Furthermore, under Pennsylvania law, punitive damages are an “extreme remedy available in only the most exceptional matters.” Phillips v. Cricket Lighters, 584 Pa. 179, 883 A.2d 439, 445 (2005) (internal quotation marks removed). Punitive damages are not awarded to compensate the plaintiff but are intended to punish the defendant for egregious behavior and are only available “when the plaintiff has established that the defendant has acted in an outrageous fashion due to either the defendant's evil motive or his reckless indifference to the rights of others.” Id. at 445 (internal quotation marks removed). A showing of mere negligence or even gross negligence is insufficient for an award of punitive damages. Id. at 445–46 Rather, a plaintiff must show “the defendant's acts amounted to intentional, willful, wanton or reckless conduct.” Id. at 446 (internal quotation marks removed).
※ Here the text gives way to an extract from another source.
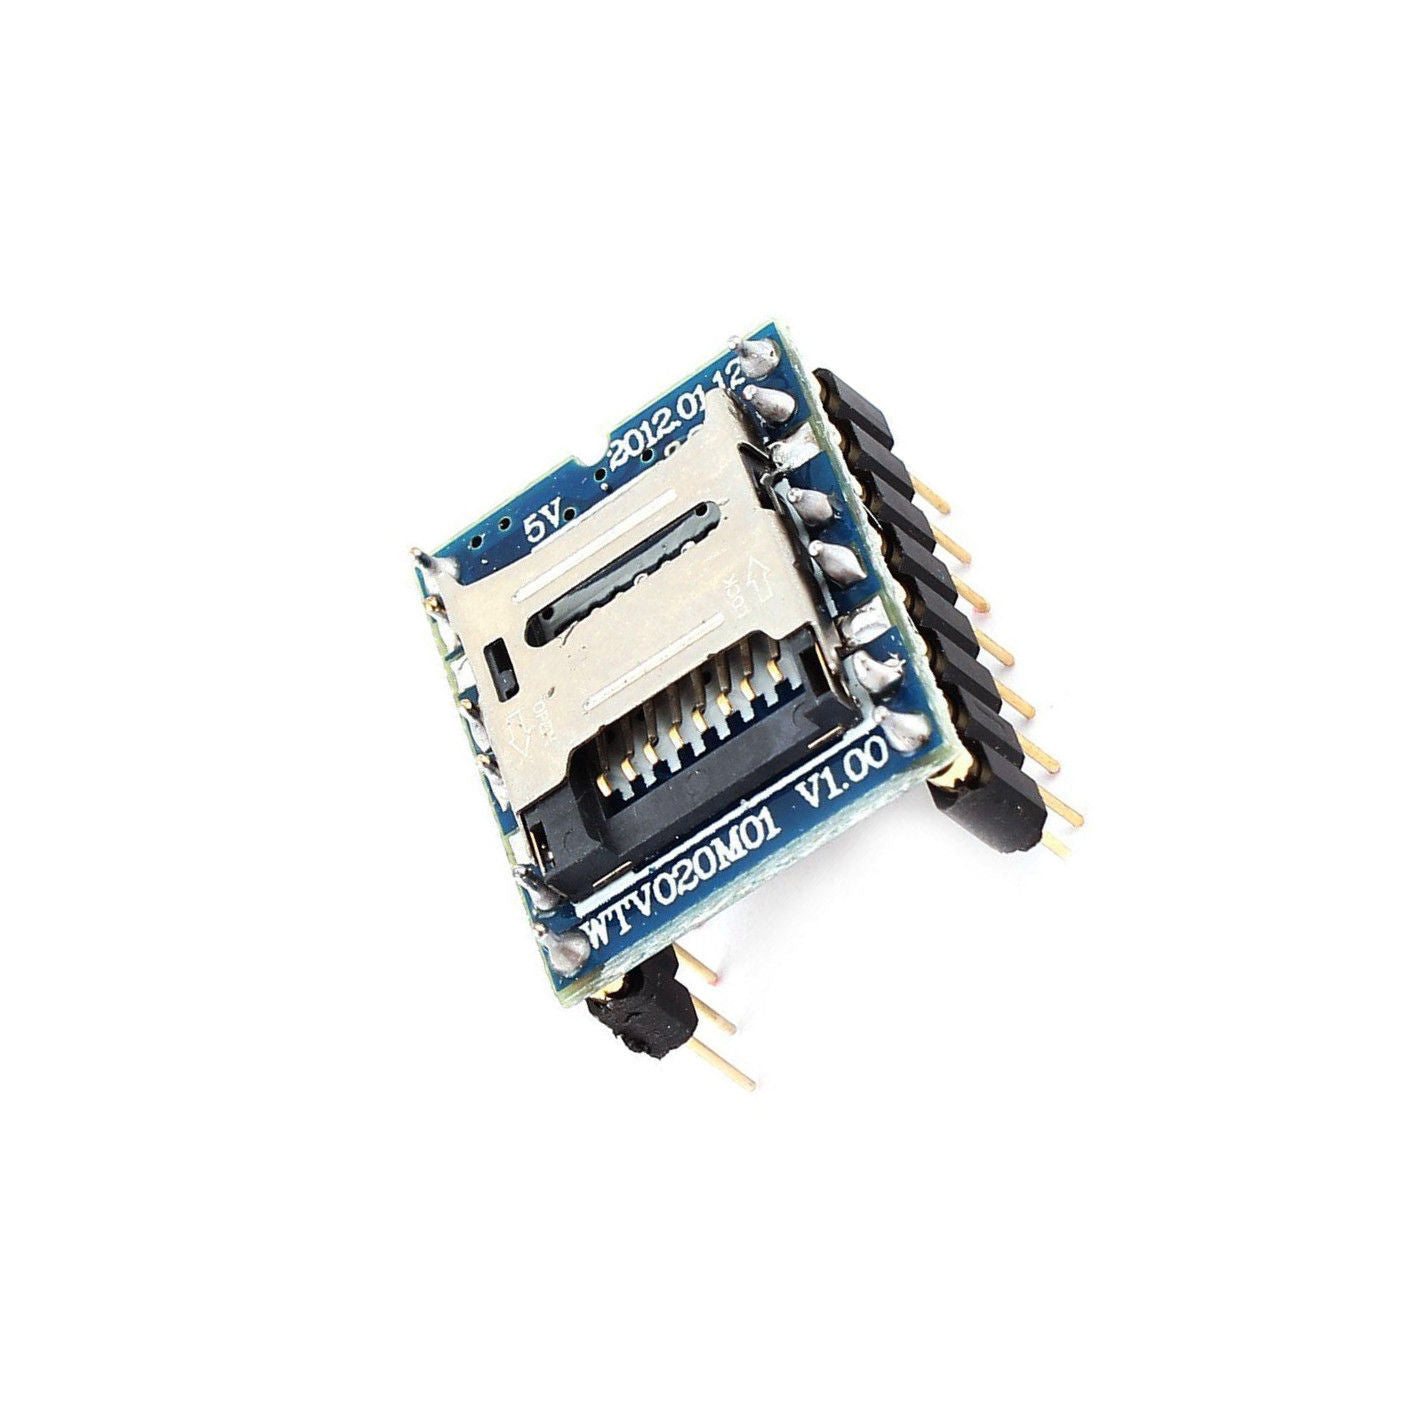 U-disk audio player TF SD card voice module MP3 Sound WTV020-SD-16P for Arduino
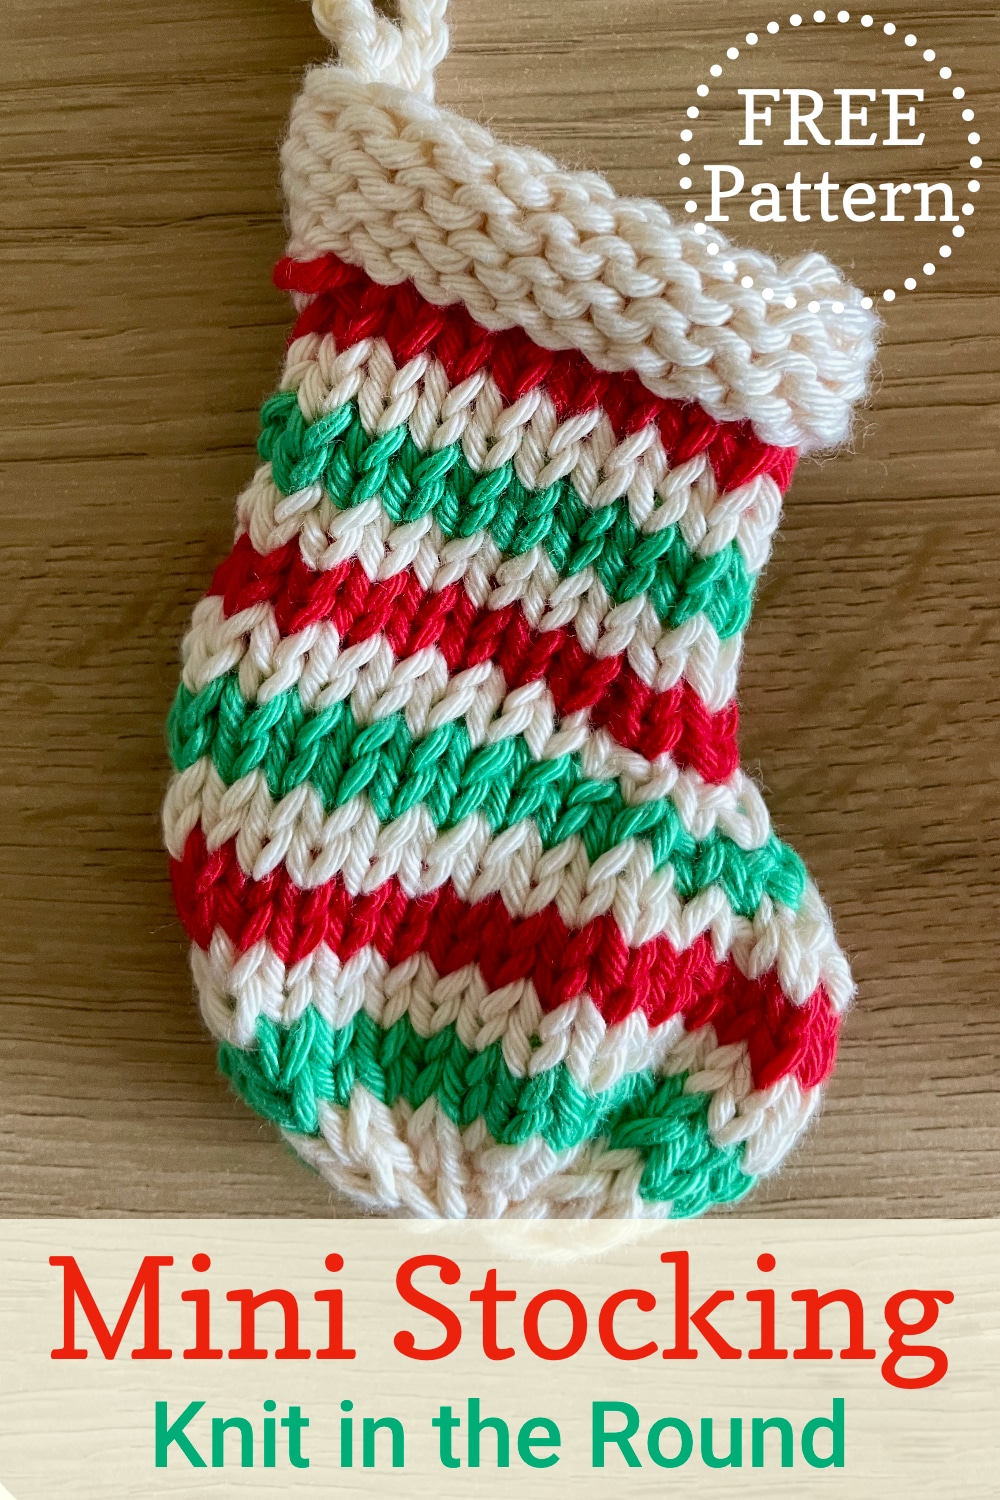 Mini Stocking knit in the round free pattern pin

Plaintiff does not allege facts that, if proven, show Defendant acted in an outrageous fashion and with a willful disregard of Plaintiff's rights. Plaintiff alleges harm from the malfunction of a prescription medical device and fails to muster any facts indicating that Defendant acted with reckless indifference to Plaintiff's rights. Therefore, the Court will dismiss Count IX. See Saltzman v. TD Bank, No. 10–3265, 2011 WL 1193112, at *8–9 (E.D.Pa. Mar. 29, 2011) (dismissing claim for punitive damages when plaintiff failed to allege outrageous conduct).
V. CONCLUSION
For the foregoing reasons, the Court will grant the motion to dismiss and dismiss Counts I–VII and IX. The case shall proceed against Defendant on Count VIII (negligence) only. An appropriate order will follow.